I have just purchased this following CD which supposedly is identical to the Brilliant CD above. It says recorded live 1994 at Pieterskerk. To me it sounds identical to the version on YouTube. However it has a picture on the back which appears to show the choir with some members of the Brandenburg Consort. This is not taken from the above DVD, as some of the individuals are different (e.g. 2 blond oboists) and the choir are standing in three rows instead of two. The candles are also in a different position in the background. This photo was therefore presumably taken of the Choir and Orchestra on a different occasion and perhaps in a different place, implying that there is more than one performance that was recorded and/or filmed:









We then have this CD + DVD combo "recorded in Pieterskerk in 1993". Perhaps the photo from my recording above was taken from this performance?









Finally according to a reviewer on Amazon the following was recorded in 1994 at King's College Chapel









So it seems we have several different recordings of King's and the Brandenburg Consort from the 1990s:

DVD of 1994 live performance at Pieterskerk (on YouTube)
CD with 1994 live audio taken from above DVD

DVD of 1993 live performance at Pieterskerk (not on YouTube)
CD of 1993 recording at Pieterskirk (separate from DVD audio, i.e. not live?)

CD of 1994 recording at King's College Chapel?

Can anyone shed any light on the above?


----------



## Pugg (Aug 8, 2014)

> Can anyone shed any light on the above?


I know people talked about the same story in this thread, hopes it helps.

Handel Messiah


----------



## Guest (Dec 6, 2017)

steph01 said:


> Could someone help me with 1990's recordings of the Messiah by the Choir of King's College, Cambridge and the Brandenburg Consort? I'd like to know how mnay different versions exist.
> 
> There is a DVD of a live performance in Pieterskerk, Leiden. On the back of the DVD it says recorded live in 1994. I presume this is the version on YouTube:
> 
> ...


I have the Argo recording wich is in my opinion the most favorable,the EMI is good but the recording is not ideal.
In fact you have to hear the Argo recording a few times to appreciate it as it deserves.
It is a very clear and crisp recording ,it certainly is not grand and theatrical,I like it .

http://messiah-guide.com/cleobury.html


----------



## steph01 (Dec 21, 2016)

Traverso said:


> I have the Argo recording wich is in my opinion the most favorable,the EMI is good but the recording is not ideal.
> In fact you have to hear the Argo recording a few times to appreciate it as it deserves.
> It is a very clear and crisp recording ,it certainly is not grand and theatrical,I like it .
> 
> http://messiah-guide.com/cleobury.html


Does it say where and when it was recorded? I can't find anything but the front cover online. I am guessing it is not a live version in front of an audience?


----------



## Guest (Dec 6, 2017)

steph01 said:


> Does it say where and when it was recorded? I can't find anything but the front cover online. I am guessing it is not a live version in front of an audience?
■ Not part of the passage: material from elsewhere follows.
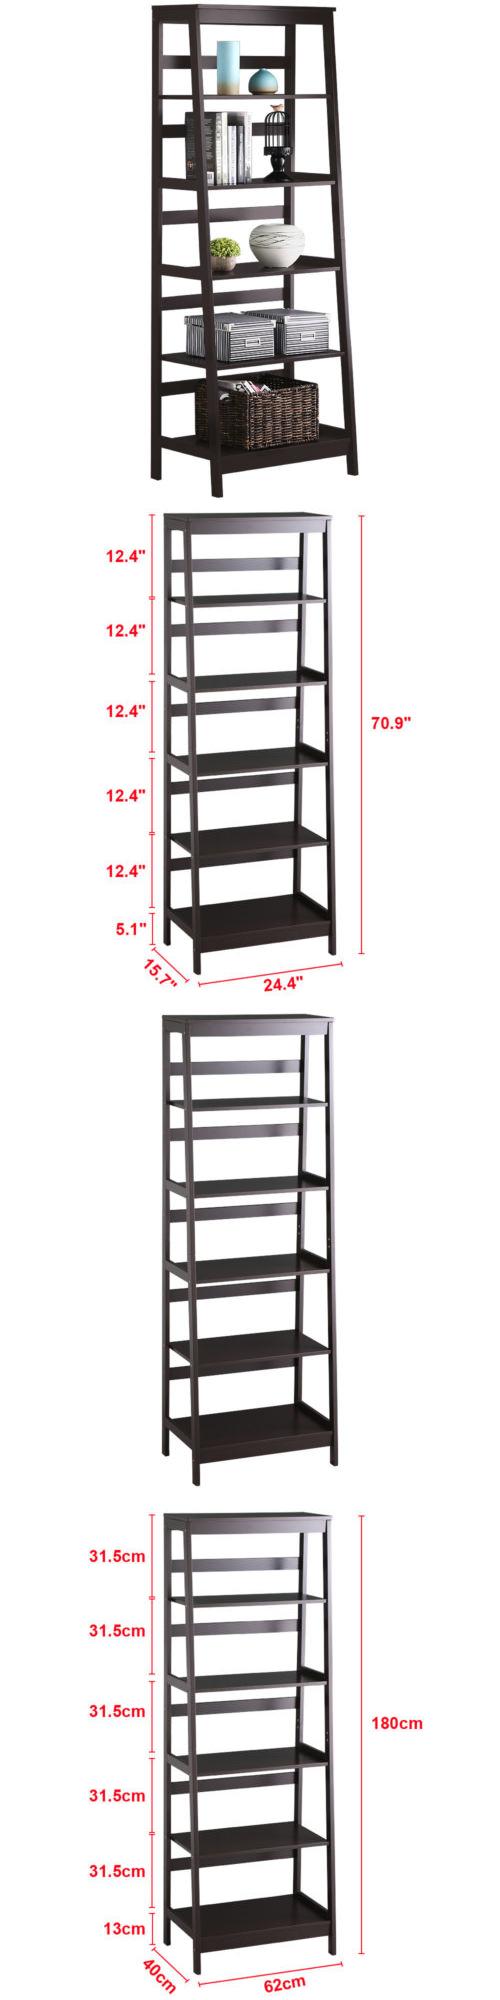 Bookcases tier bookcase bookshelf leaning wall shelf ladder
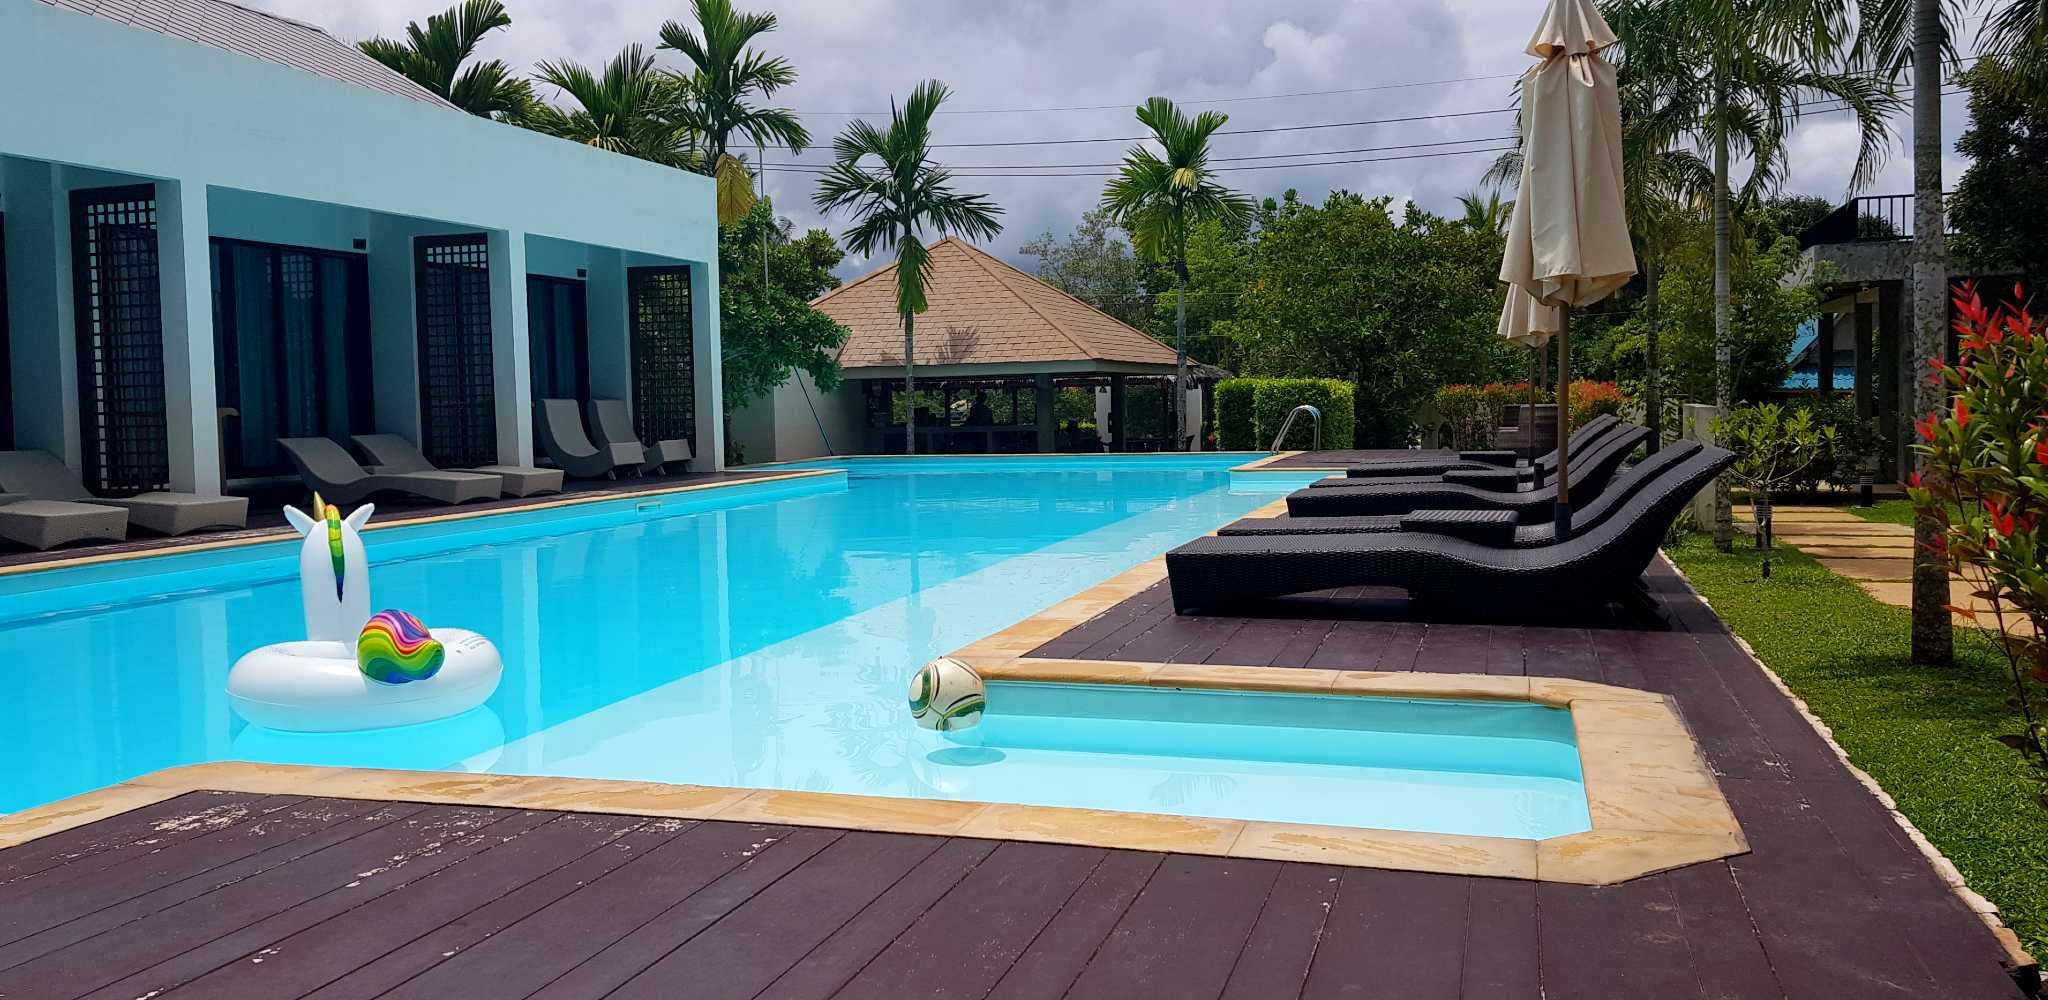 MookLamai Resort met zwembad en bungalows op Koh Mook

It is a studio recording made in 1992 & 1993 at Kings College Cambridge

The live recording might have more atmosphere,the Argo is somewhat cool.
There is an older recording with Willcocks ,it is rather slow but it has glorious singing


----------



## Guest (Dec 6, 2017)

At the bottom you find a short review of the Argo recording.

http://messiah-guide.com/cleobury.html


----------



## steph01 (Dec 21, 2016)

Traverso said:


> It is a studio recording made in 1992 & 1993 at Kings College Cambridge


Thanks, that clears that up at least. I will put the Argo on my to-get list.

Now I am more intrigued by the 1993 recording above with the blue cover.

I suppose the picture on the back of my 1994 live CD wasn't taken during the King's sessions as they wouldn't have lighted candles if no audience present (nor be wearing surplices I'd have thought). I presume it must be from 1993 at Pieterskerk then, which leads me to suspect the 1993 recording is in fact live in front of an audience, despite not mentioning this on the CD.

This was all sparked by some annoying page rustling on the right channel during _And he shall purify_


----------